In the post-translational pathway, synthesized pre-proteins in the cytosol bind to SecB and/or SecA to be transported to the plasma membrane. Binding of SecB has been shown to be essential to prevent the pre-protein premature folding prior to membrane translocation [2]. In gram-negative bacteria, SecB-pre-protein complex interacts and transfers the pre-protein to SecA. Escherichia coli lacks SecB, while SecA seems to complement the activity of SecB [3,4].
In the co-translational pathway, SRP (signal recognition particle) binds to the polypeptide emerging from the ribosome and directs the ribosome-nascent chain complex to the plasma membrane, where the complex binds to the SRP receptor FtsY. Subsequent to this, the emerging polypeptide passes through the SecY translocation channel [5]. In archaea, there is evidence that some proteins can be translocated post-translationally, but archaea lack SecB and SecA, hence post-translational translocation remains to be elucidated [6].

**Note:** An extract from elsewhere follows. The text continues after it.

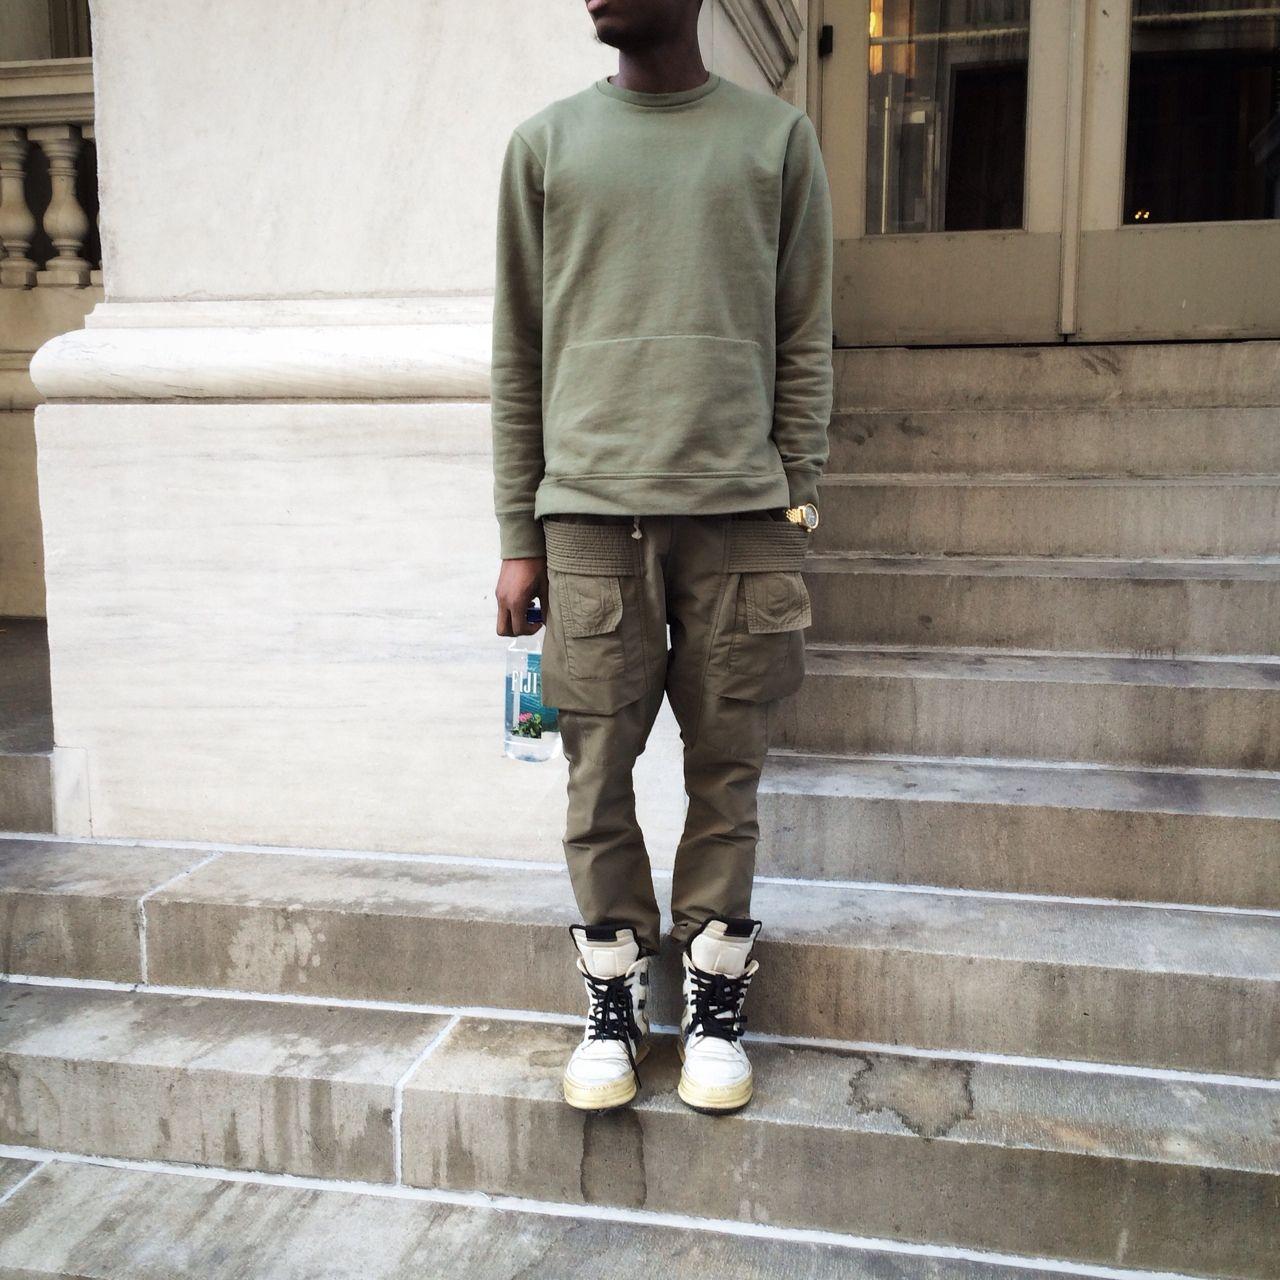 inspo | Minimalism | Streetwear fashion, Fashion, Street wear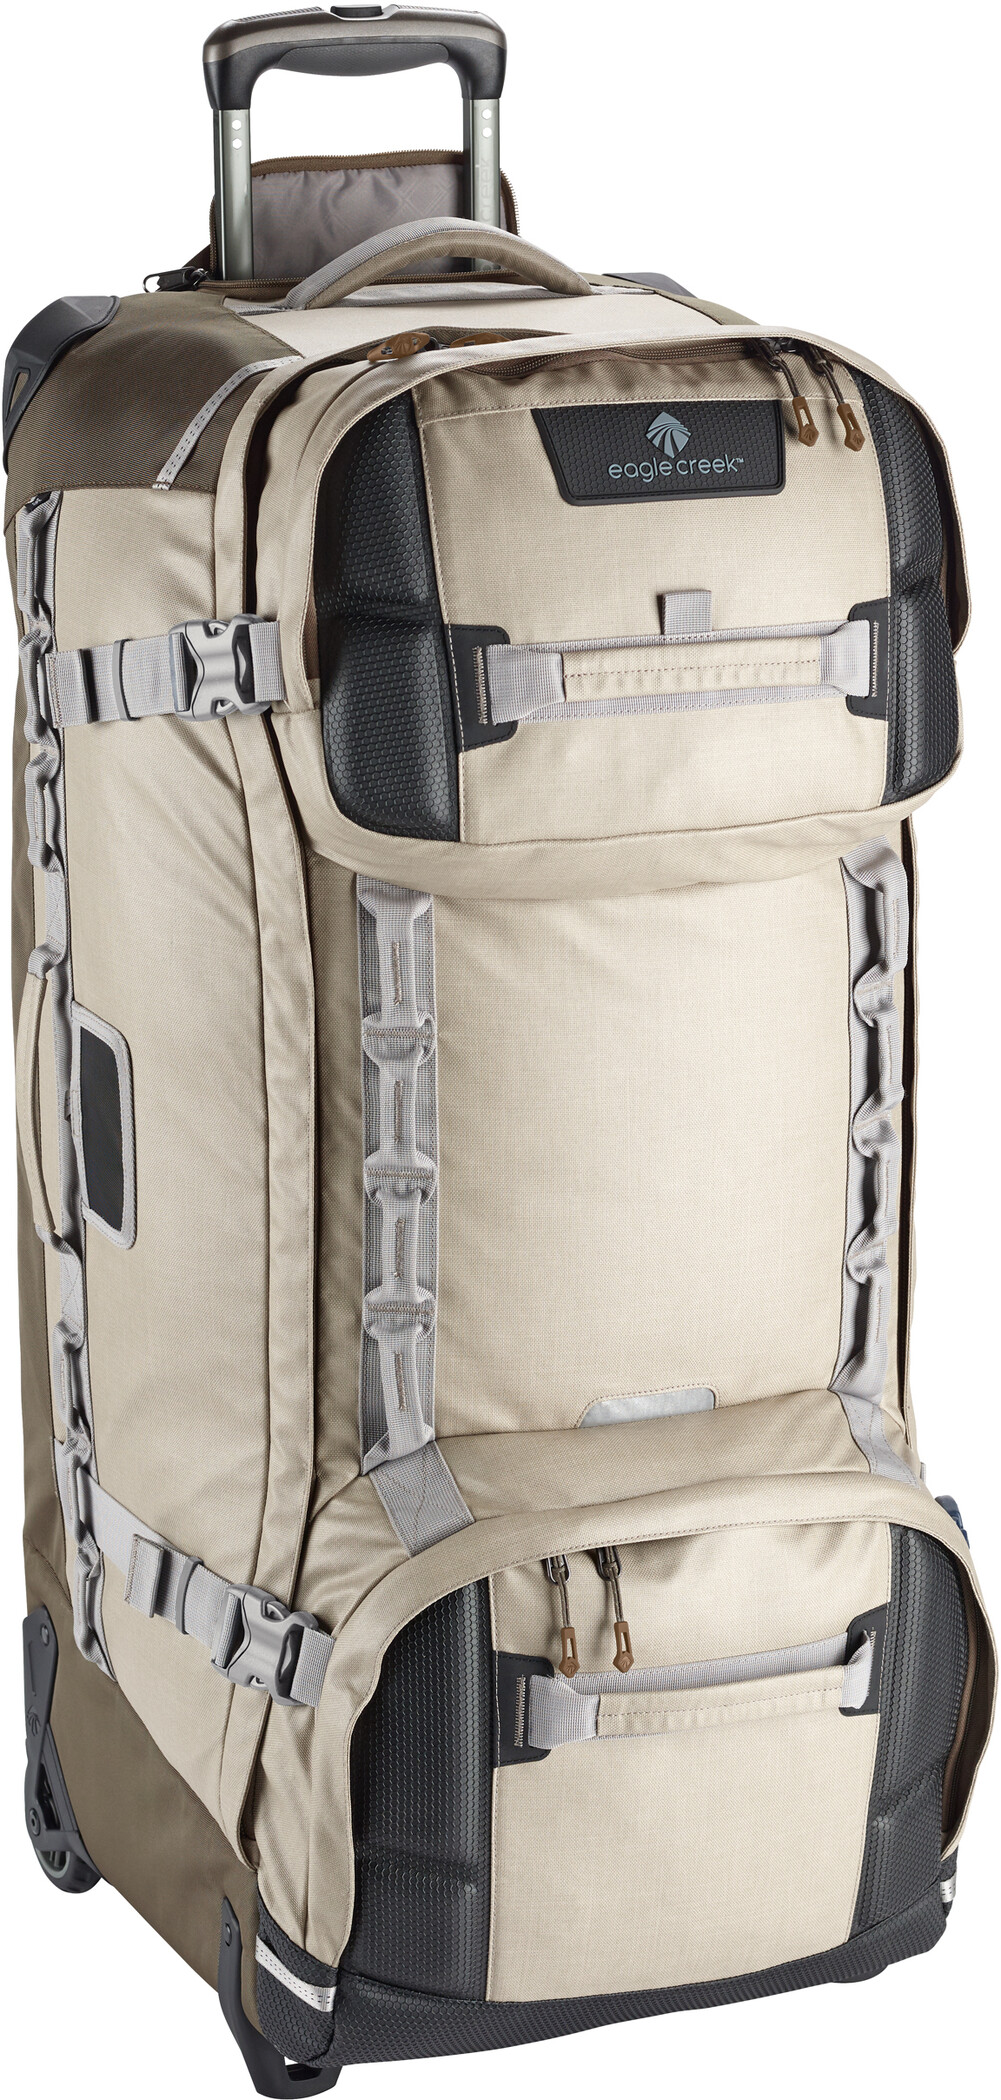 Fjaellraeven Campz Gear Bag Azul esneceser Large 3lKJF1cT

SecA and SecY, that are part of the complex SecYEG-SecA, have been extensively studied as they are directly responsible for the translocation of a large fraction of pre-proteins through the membrane [7,8]. The 100 Kda protein SecA, considered to be a motor protein, participates in pre-proteins translocation mediated by its ATPase activity [9]. This protein is conserved among bacteria and some plants [10], and is essential to cell viability [7]. SecA consists of six protein domains (Figure 1B): nucleotide-binding domain 1 (NBD1) and 2 (NBD2), the polypeptide-cross-linking domain (PPXD), the helical scaffold domain (HSD), the helical wing domain (HWD) and c-terminal domain (CTL, not shown in Figure 1B). SecA function occurs through strong conformational changes mediated by ATP binding and hydrolysis at the NBD domain [11]. PPXD, NBD2 and part of HSD domains have been suggested to form a “clamp” for pre-protein peptide binding and translocation [12]. SecY presents a clam shell-like symmetrical arrangement and consists of ten transmembrane (TM) segments (TM1-TM10), which form a gate at the front side and are clamped together at the back by SecE [12] (Figure 2B). The role of SecG, another component of the complex SecYEG-SecA, has been deemed not essential [13], although it may be involved in mediating the interaction of SecA and SecY [14–17].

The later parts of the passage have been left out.